Autoplane Technologies

Some ideas take forty years and a grandson to be born.

Built on the shop floor, for the people who work the shop floor.

The opportunity

Surface preparation is a critical function across nearly every industry that finishes a physical product. The global market for surface preparation equipment and abrasives exceeds fourteen billion dollars annually, serving automotive refinishing, aerospace, marine, industrial manufacturing, and woodworking.

Our initial focus is automotive refinishing. The global automotive refinish industry reached approximately $13.9 billion in 2026 and is projected to grow at roughly five to six percent annually through 2030. That growth is being driven by rising average vehicle age, EV-related repair complexity, OEM standards that keep tightening, and persistent skilled-labor shortages in collision repair. Existing methods rely heavily on technique developed over years of hands-on experience, which limits how quickly the work can be taught, standardized, or scaled.

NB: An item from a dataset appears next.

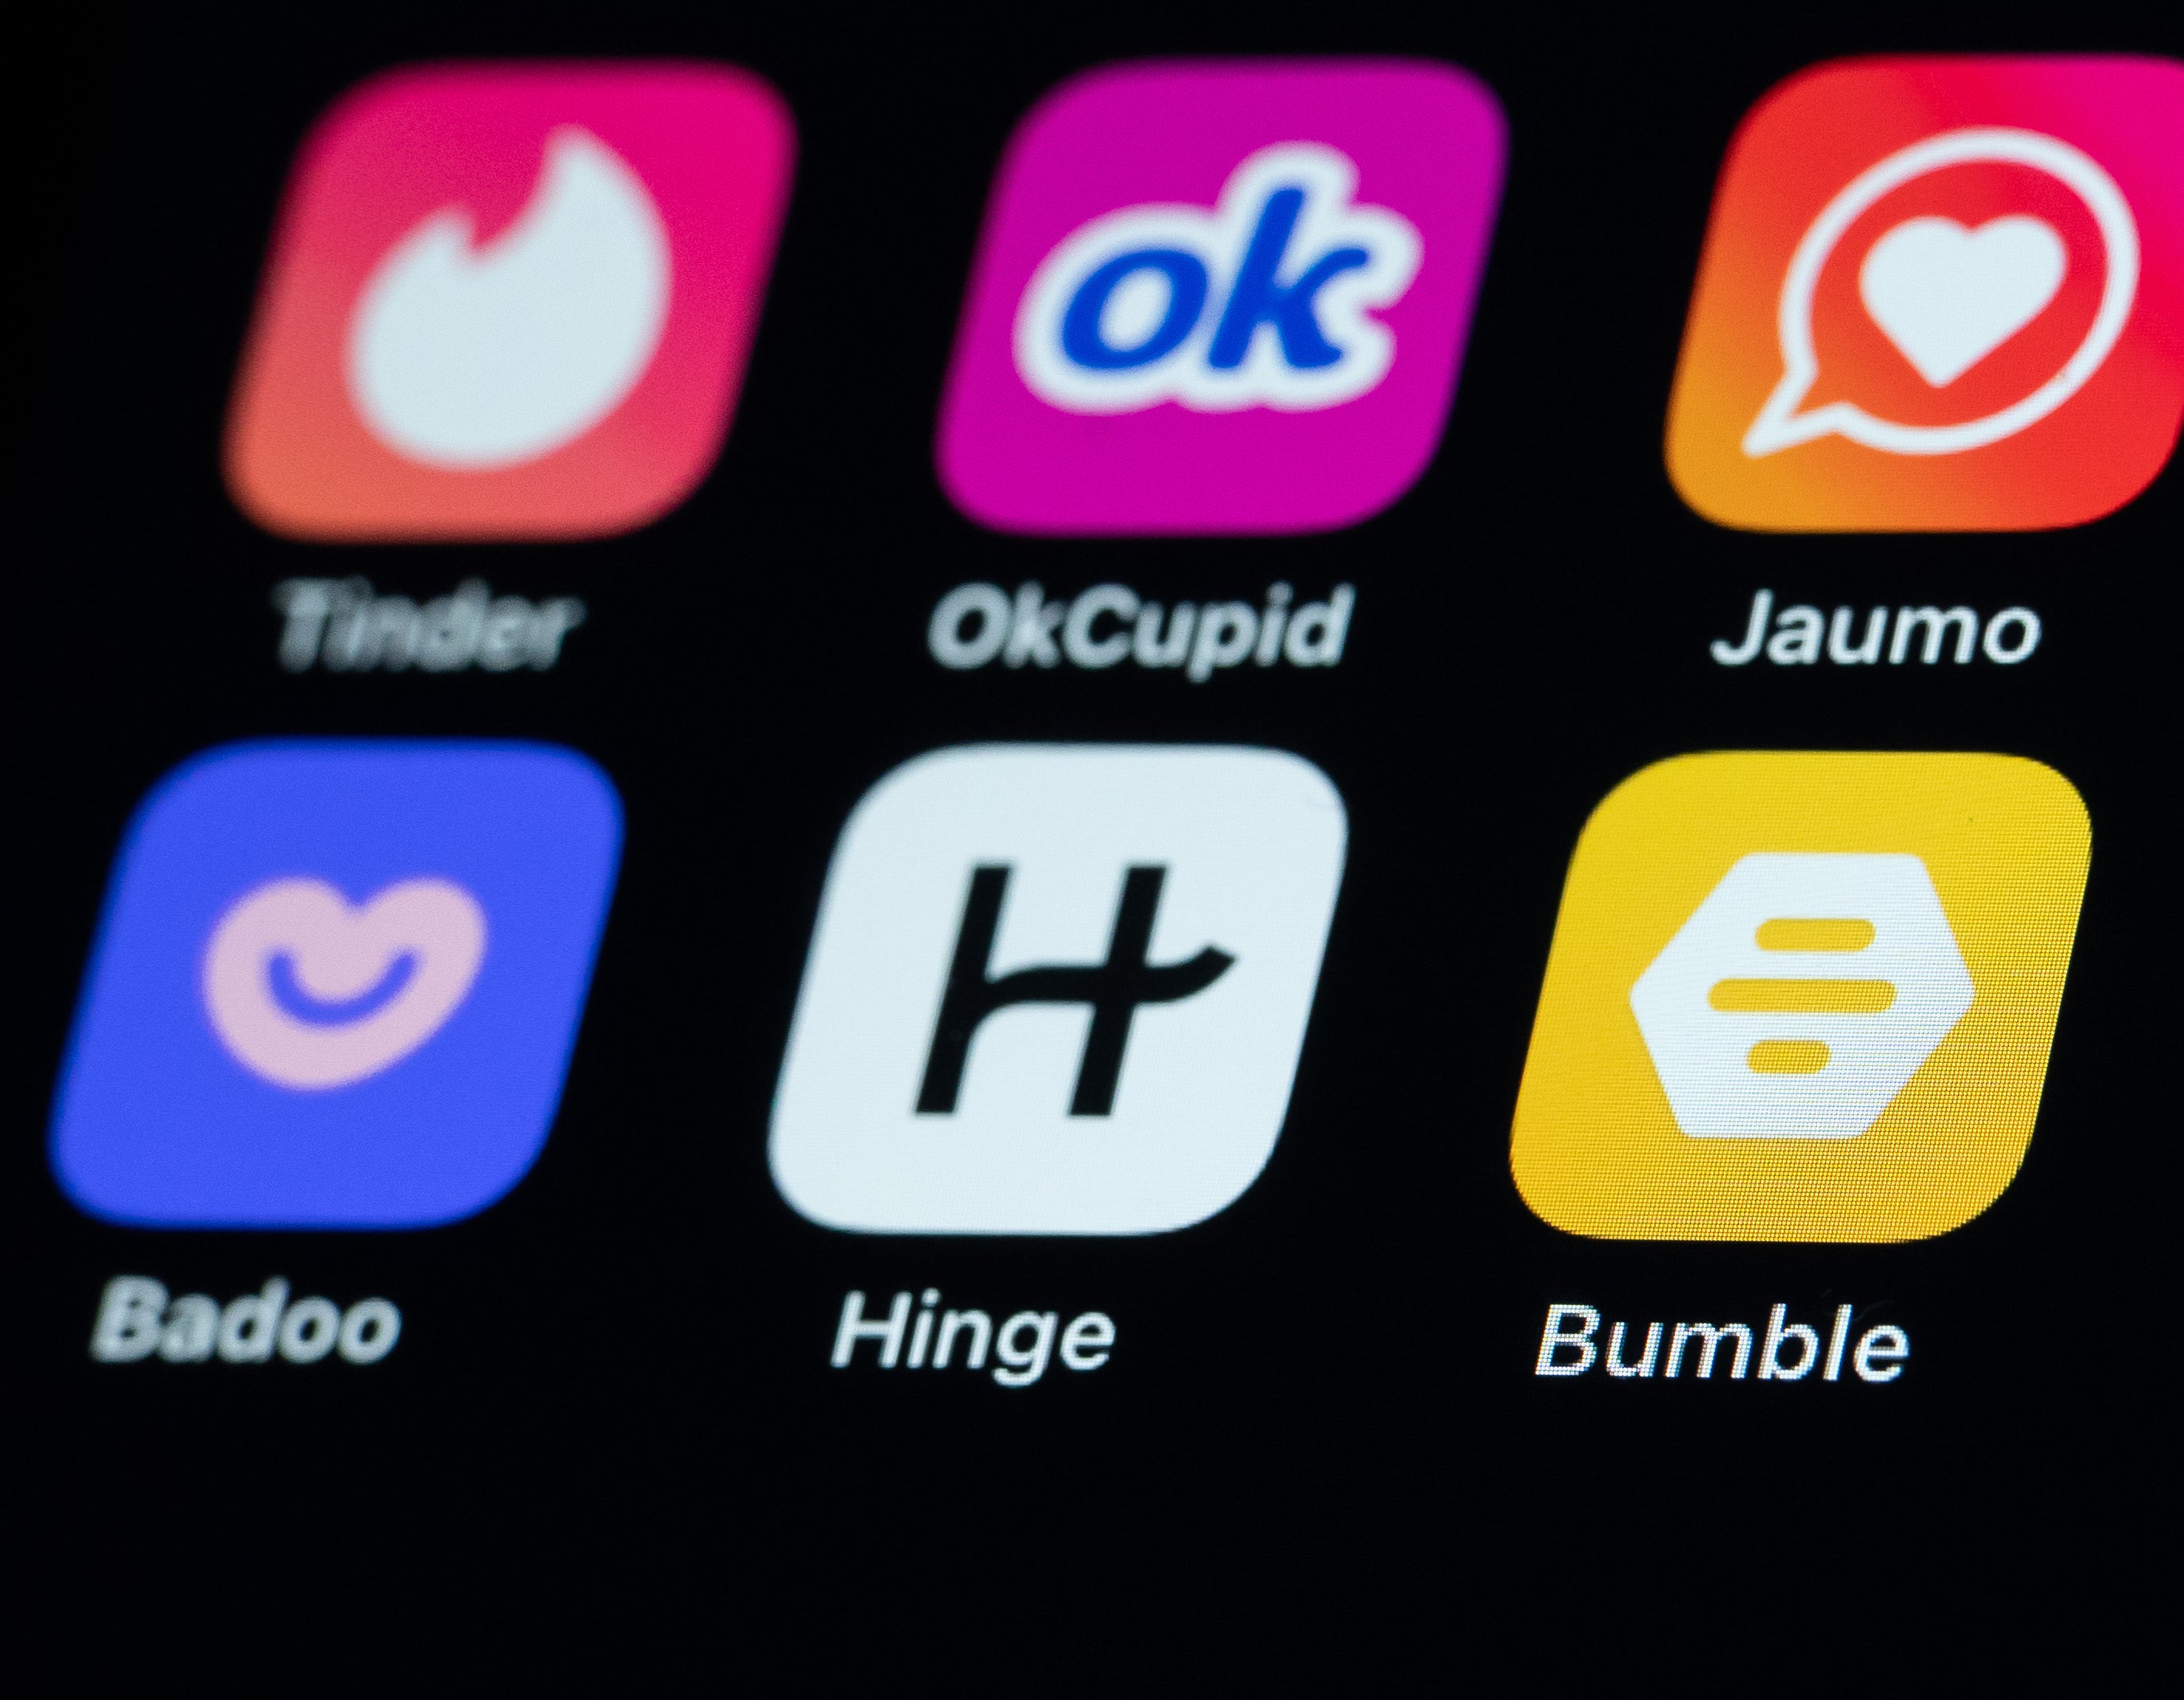 Phone screen displaying numerous dating apps, including Hinge, Bumble, and Tinder
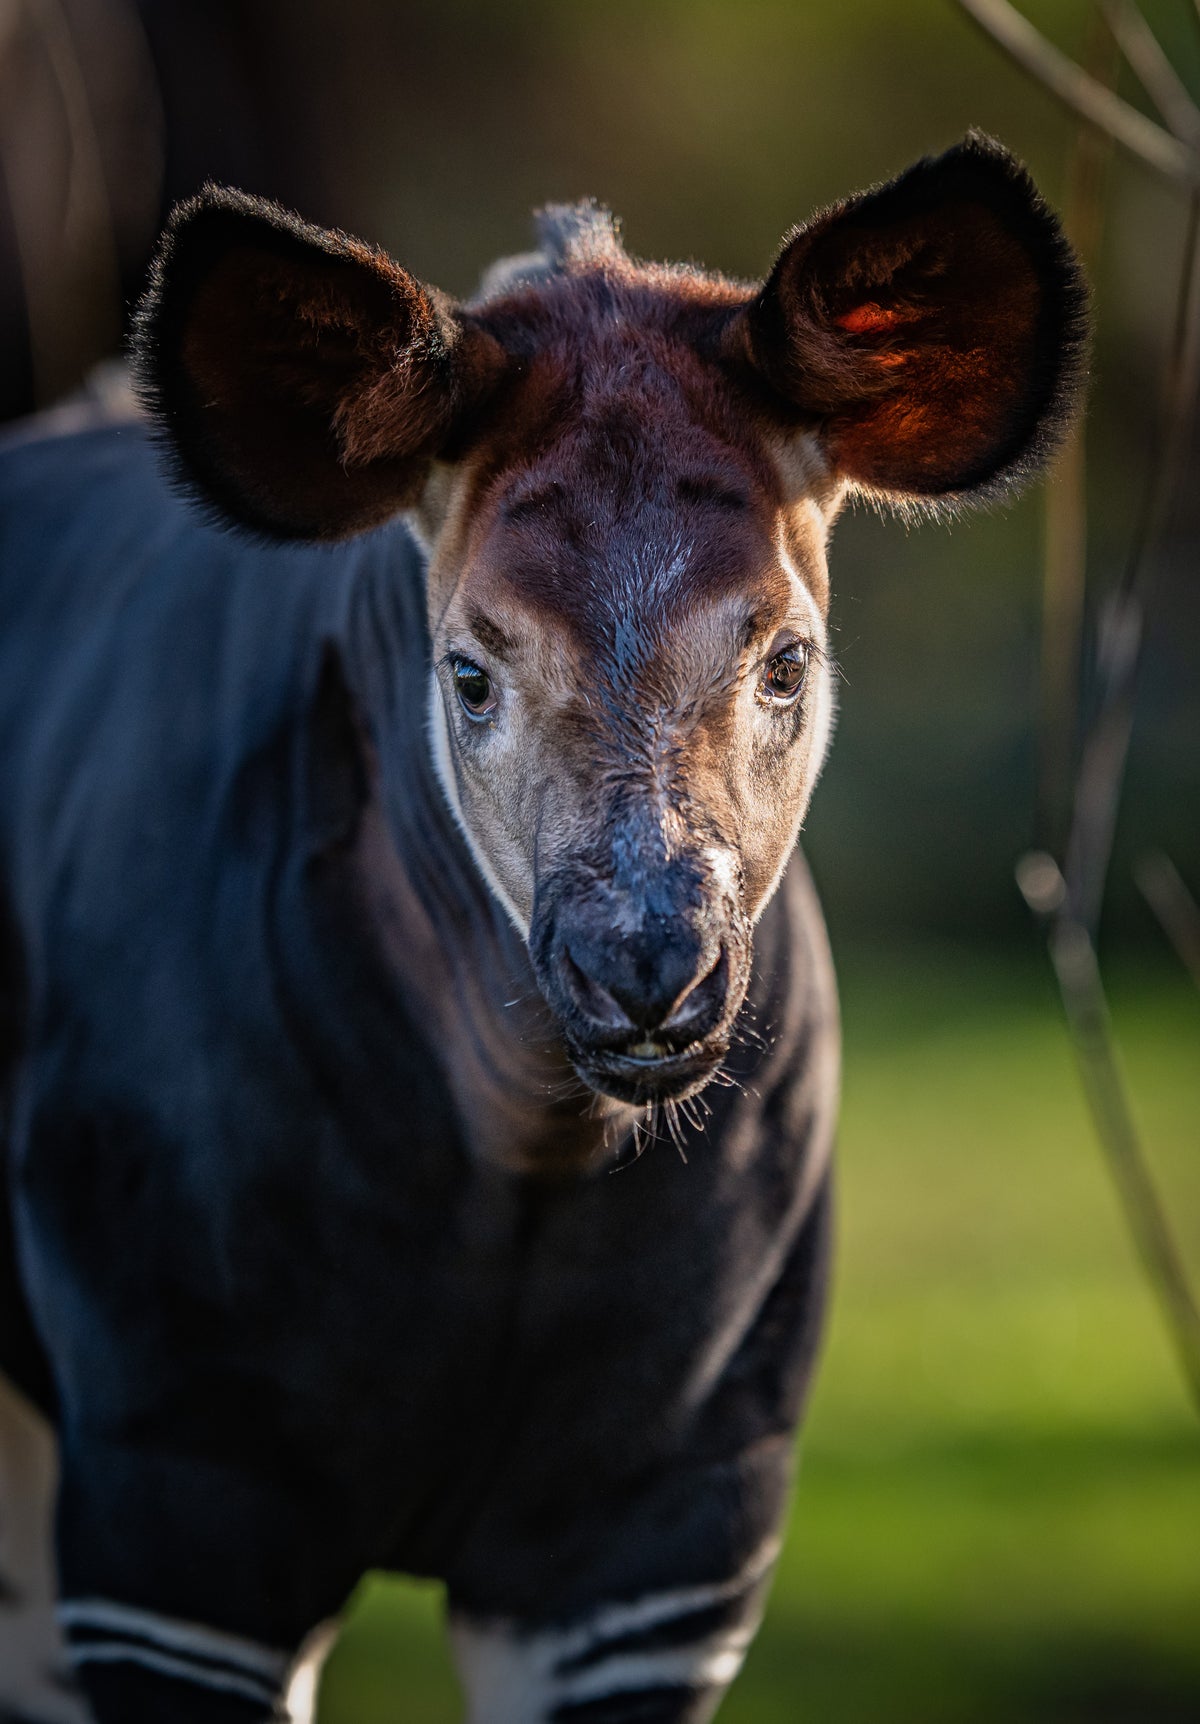 Rare okapi calf steps outside for the first time | The Independent

That gap, between the artisan-level skill the work demands and the consistent output the market needs, is what we are building for.


How it started

AutoPlane began on the shop floor.

Most painters call themselves artists for a reason, and Christopher Bleak has always seen automotive paintwork that way. He never went through formal training — almost everything he knows, he taught himself, over forty years of jobs in real shops. That self-taught instinct mattered. It's what let him keep asking: why are we doing it this way? The breakthrough came when his own work changed because of AutoPlane. Not slightly — dramatically. That's when he knew it had to be shared.

What started as one craftsman's curiosity became prototypes, shop testing, a patent-pending technology — and a whole heap of potential still ahead.


The team

Christopher Bleak, Co-Founder

Christopher is an artist by instinct. Long before AutoPlane, he was inventing, modifying, and improving the things around him. He owned and operated automotive body and repair shops in the region for many years, building a deep career in collision repair, mechanical work, and custom finishing. Outside of the shop, he spent years designing and building one-of-a-kind custom wood furniture sold in Pine, Arizona. His view of all of it was the same: every piece is its own thing, and the work deserves the care of an artist.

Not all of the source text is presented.